24 Jun 2020

Cradled by Conflict: The Plight of Children in Kashmir

Javeed Ahmad Raina

Kashmir has always been in grip of one or another kind of crisis. The dark clouds of uncertainty loom over the echoing mountains from last several decades. The prolonged conflict has transformed the beautiful valley into a devastating dystopia, forcing the whole community to fight a life and death battle against the threat of extinction from the tyrant tides of war. Similarly, continuous violence has turned conventional morality upside down, engulfing pure and white, young and old, women and children alike. Here, children are cradled by conflict as such fear and trauma occupy their early emotional state. Their subsequent formative years are ruined by the recurrent nightmares of devastation. They are the remains of the dreadful days, a liability upon the history, the voiceless, voices of despair and degeneration.
Childhood is that period in life which everyone wants to re-visit or live eternally, because it is characterized by uncorrupted nature, purity and serenity. But children living in conflict riddled Kashmir do not enjoy instinctively idyllic and pleasant childhood days of vigor, energy and a free spirit, to roam and bloom in an unadulterated world of dreams and fairy tales. They are even forbidden to give ear to imaginary tales of fancy and fantasy, deemed to incite libido of resistance.

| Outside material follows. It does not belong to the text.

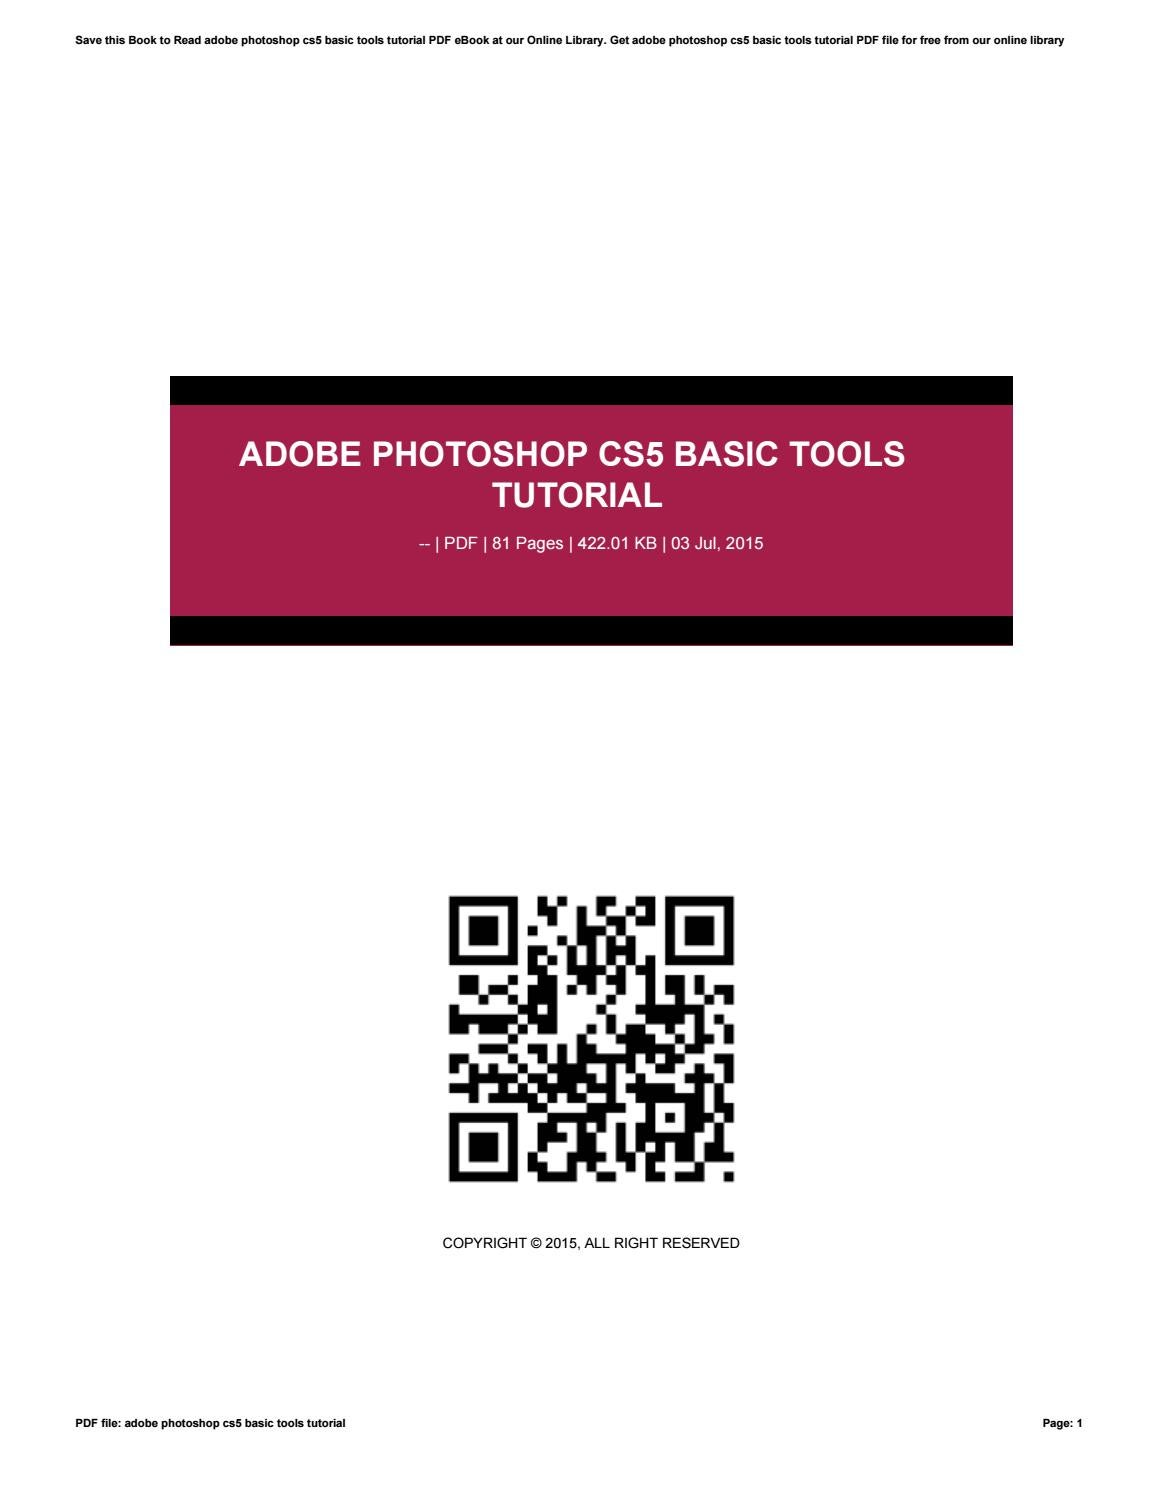 Adobe photoshop cs5 tutorials for beginners pdf choice image any adobe photoshop cs5 basic tools tutorial by nezzart9 issuu baditri choice image baditri Choice Image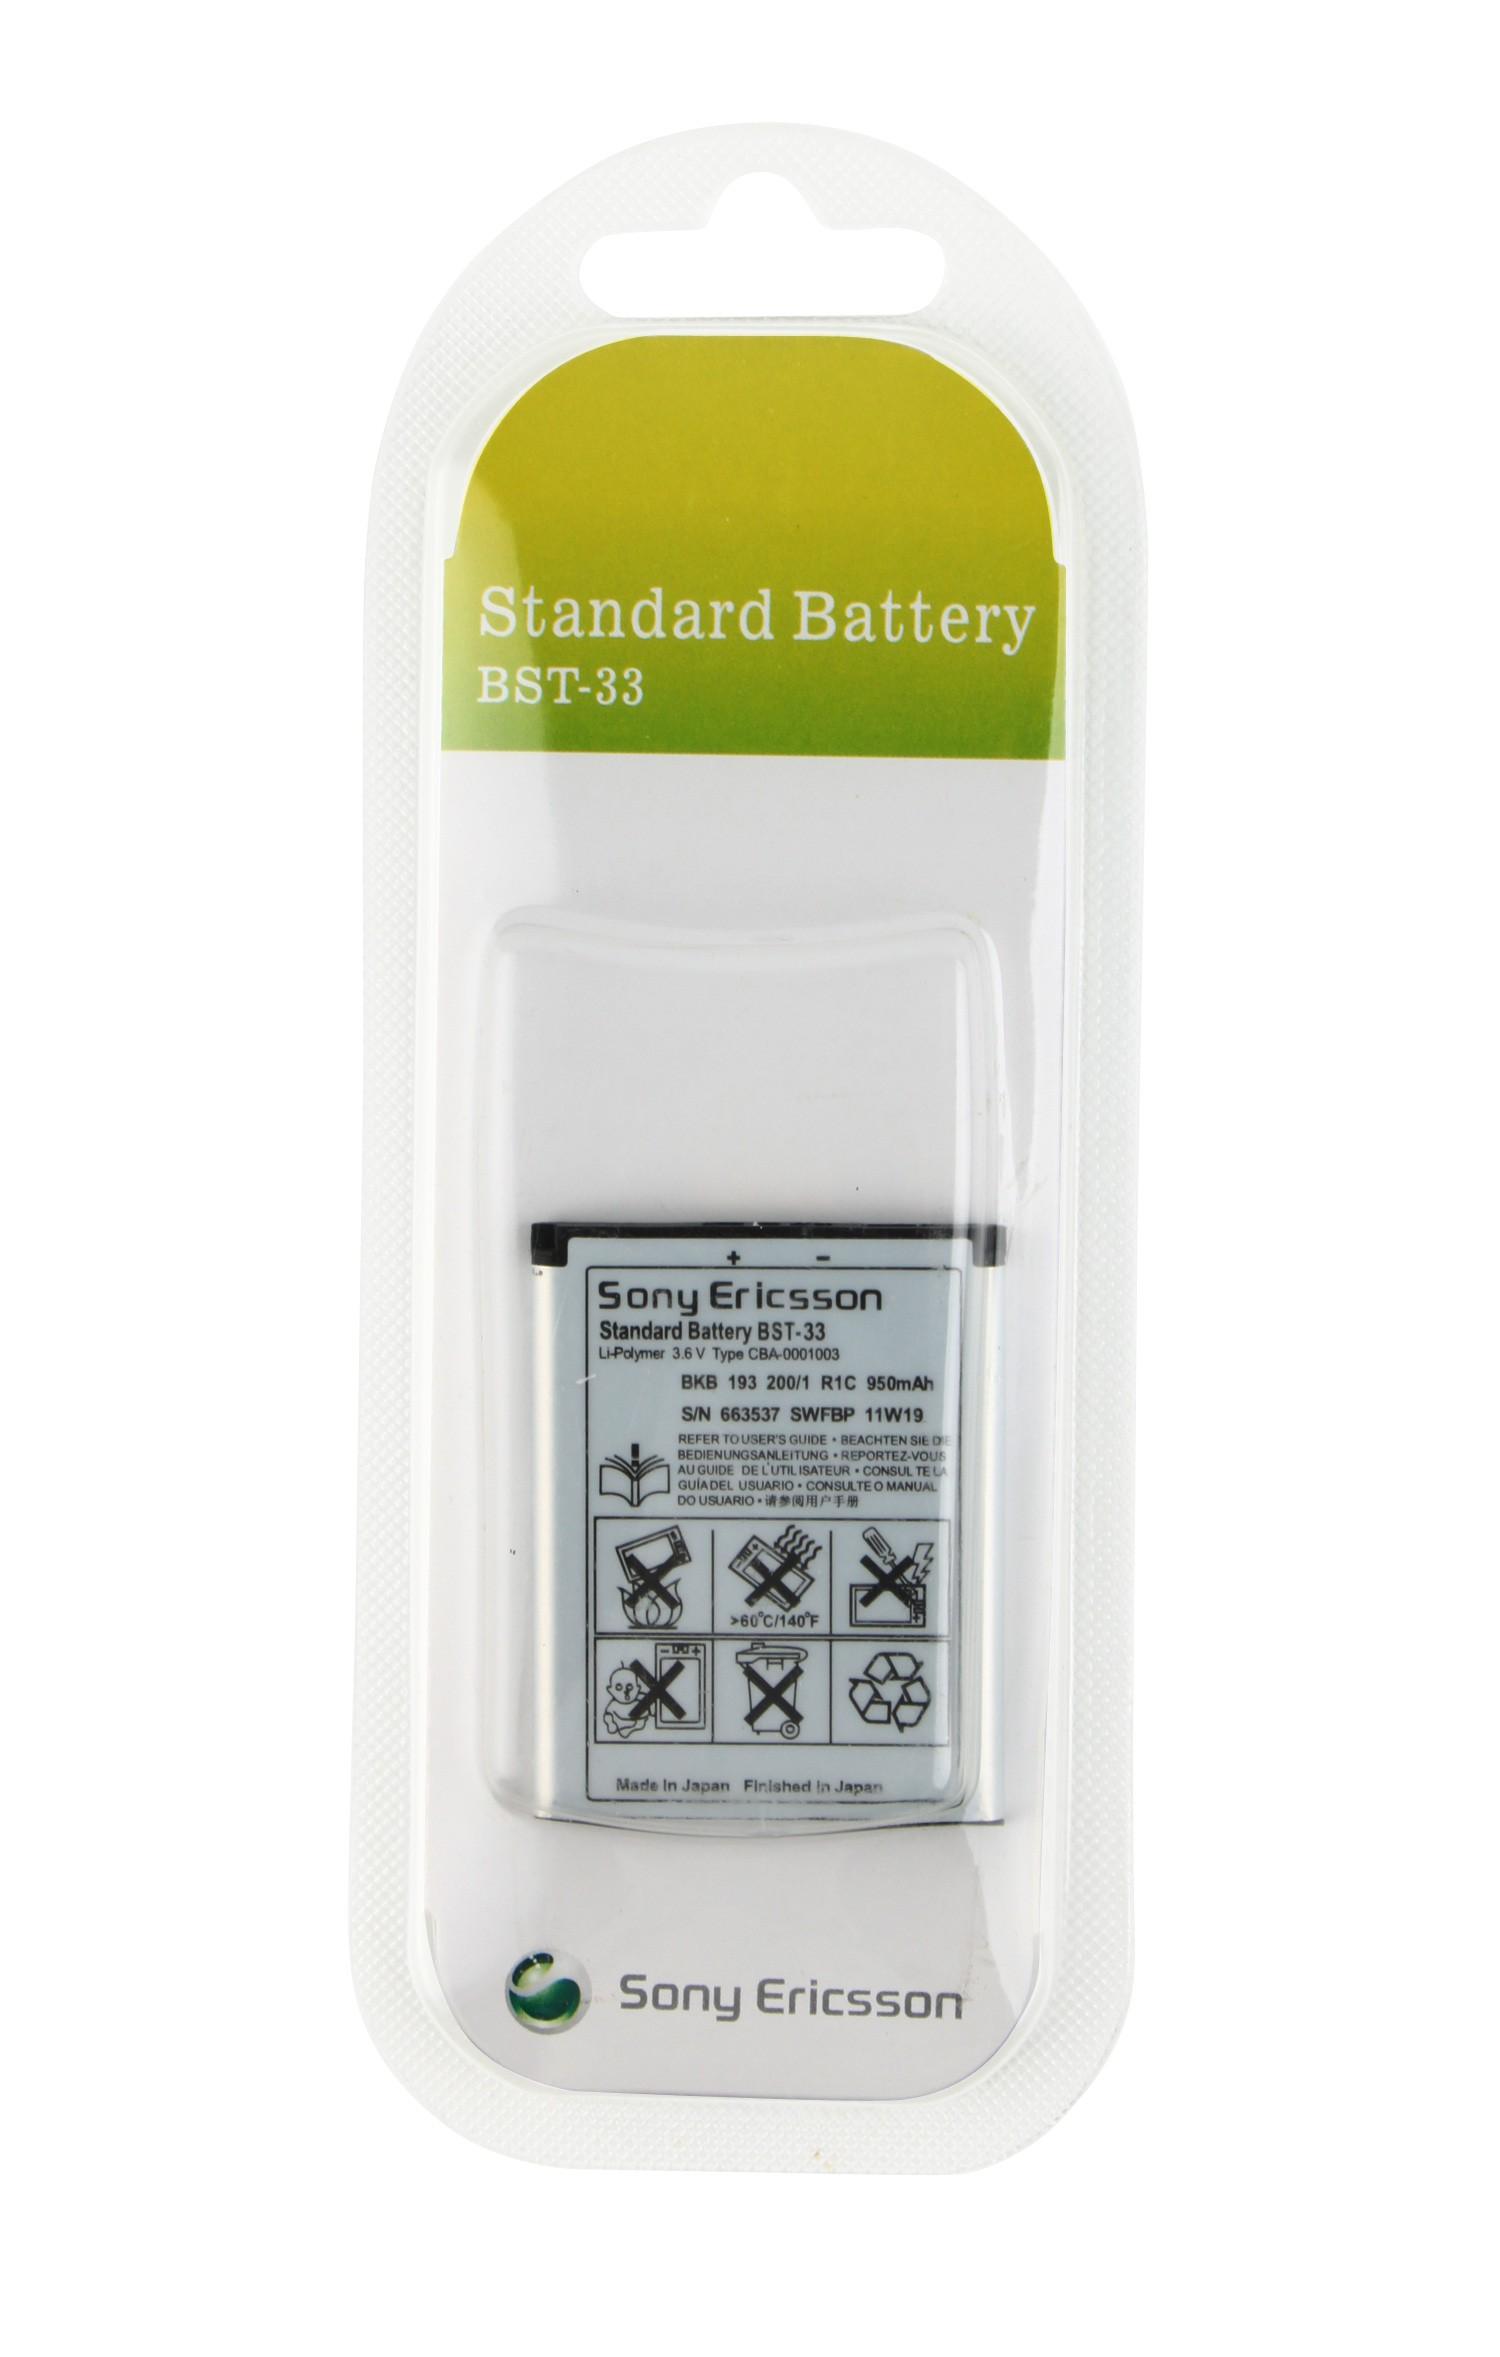 Аккумулятор для Sony Ericsson W960i BST-33 ORIGINAL.

The lures of love and sleep inducing lullabies doesn’t satiate them any more in the mists of gloom and glum that surround their small spaces like the shades of an eternal doom. They are suffocated by enduring suppression. An organized violence enforces them to surrender their whims and wishes, their charms and heavenly grace to solace unrecognized voices of bereavement, mourning and misfortune.
In Kashmir, life of children has been a mark of woe! A mark worry! Their fate is akin to and resembles caged birds unable to set themselves free or stretch their wings in order to touch the sky, for accomplishment of sky of dreams. They are literary limped creatures who can neither walk through the lane nor wade into lake; even they cannot waft along the waves as the western breeze smells, the smell of death, it carries the communal rot of conflict from the debris of dying dreams. The mighty towers of hegemony, the tsunami of religious hatred and the alarms of army tear their childhood apart to feel an adult pain; the agony Kashmir children felt from ages, through colonial rages and internal ravages.
Kashmir crisis has swallowed up their agile spaces like the sand absorbs the sea.  The phony fun of the city life, the battered beats of time, and the world dark and wide curse them for being their companions and mock them for not harboring the hope to nurture the eerie of childhood dream, of sunshine and flowers, of everlasting enjoyment, happiness and serenity. The long curfewed nights stagnates their future dreams; the lines of division drawn in the middle of the mid night, the accession signed amidst the howling cries created iron walls of anger and mind forged manacles of memory. The vernal breeze asks their sport but the fear of winter chill keep them aloof, the smiling tulips urge them bloom, but the buds and blossoms plead them to drink an autumn death as the approaching winter will wither them grey.
Childhood comes once, lives for once and is enjoyed by once. There is nothing like twice, thrice or next, there are no backward-forward movements that could transport us into childhood transparency, no elixir to revert us back in order to re-vitalize our days of youthful hilarity. There is nothing! No alchemy to transform human beings into primitive chora or oral stage. The deadlock is locked between semiotic and symbolic, between real and imaginary. There are only mirrors that reflect us along thousand others, only signifiers that trace us within thousand traces. So, the only thing left is to provide disadvantageous children a chance to seize the merry moments and enjoy the most.
But the question arises do we provide Kashmir children a chance to live a happy childhood? The answer would be an affirmative no! Infact, in Kashmir, children are cradled by conflict. The fierce waves of war have violated their years of innocence.  The forces of calm and combat have always encroached their childhood premises. They grow up in the glowing bars of gun battles. The stones and swords muster their courage against the imminent shadows of disease and death. They are unjustly fixed together in the patches of conflict like the pieces of an unsolved puzzle. They have only been left with the choices of dullness and burden, survival and suffering, loss and longing.
The bright August day brought darker nights of neglect. It was a long summer day when our past became a frozen fact, a dawn of disjuncture from the mythic place of desire. It was a queer, sultry summer, when scenes were scripted before the secret siege. The imaginary home reconstructed through childhood memories have been irretrievably lost. It was a time when we had everything before us, we had nothing before us. It was an era of war on peace when Kashmir was landed into a foreign land. Since then Kashmir children are locked in the recurrent lockdowns and packed in the patches of conflict. They are caught between Covid and conflict, calm and combat, death and despair. The conflict cradles them by the tunes of torment and cursed normalcy has captured their calm despair. They are the unspoken voices of crisis, the silent sufferers of our simmering summer, and the causality of our courageous combats. From now, do they deserve much kinder times? The god’s of war amiably don’t-think-so, until it gets pretty late!